The Huge Misconception I Held – And Why It Led To Me Launching A Business

 

 

When I was 23, I got to experience what it’s like to be a pop star.

 

I spent a year as the Chair of the Student Radio Association, a sort of union for student radio stations in the UK. I know, I know – it’s hardly joining Spice Girls. Bear with me.

My taste of fame

After I got elected at the yearly AGM & conference, a load of us went for a drink. The only thing I’d done as Chair at that point was to stand on stage and give a three minute speech about why I thought I’d be good for the role. My sole competitor was not a terribly serious candidate, and I was voted in by 33 stations to three. 
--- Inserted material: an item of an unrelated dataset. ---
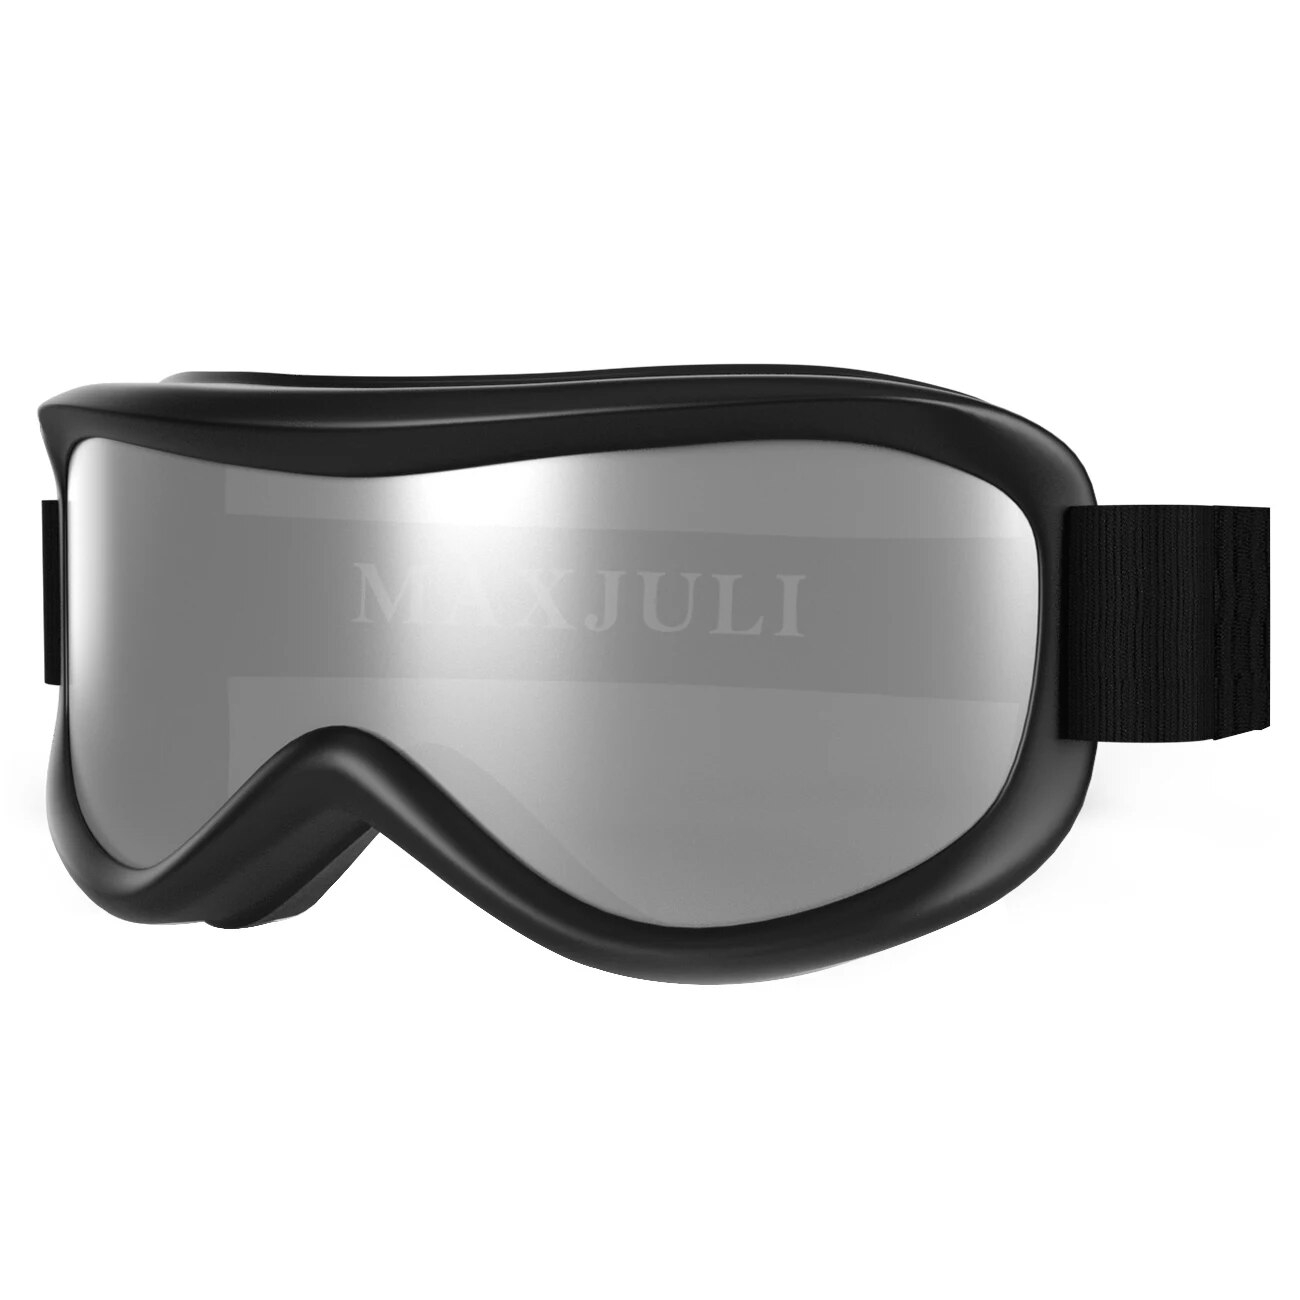 MAXJULI Kids Ski Goggles - Helmet Compatible Snow Goggles For Baby

I arrived at the pub a little after everyone else, and plonked myself at the end of a table that had four people sitting along each side. Then, something peculiar happened: 

Everyone stopped their conversations and turned to me. After some (on my part, confused) silence, I started nervously rambling – truly saying nothing of any worth. And the strangest part? They were enthralled. 

Everything I said, was fascinating to them. Every joke I made, they fell about laughing. It was wild. I kept wanting to stop, mid-sentence, and say, “Guys! I’m really not that funny or interesting! I actually make a lot of lame gags that fall flat, and have a tendency to put way too much detail into my stories. You can totally go back to your own conversations – it’s fine!”. They didn’t seem to notice.

Woah, I thought. So this is how J-Lo feels. No wonder celebrities are often considered arrogant – it would be hard not to be if this is how everyone reacts to you.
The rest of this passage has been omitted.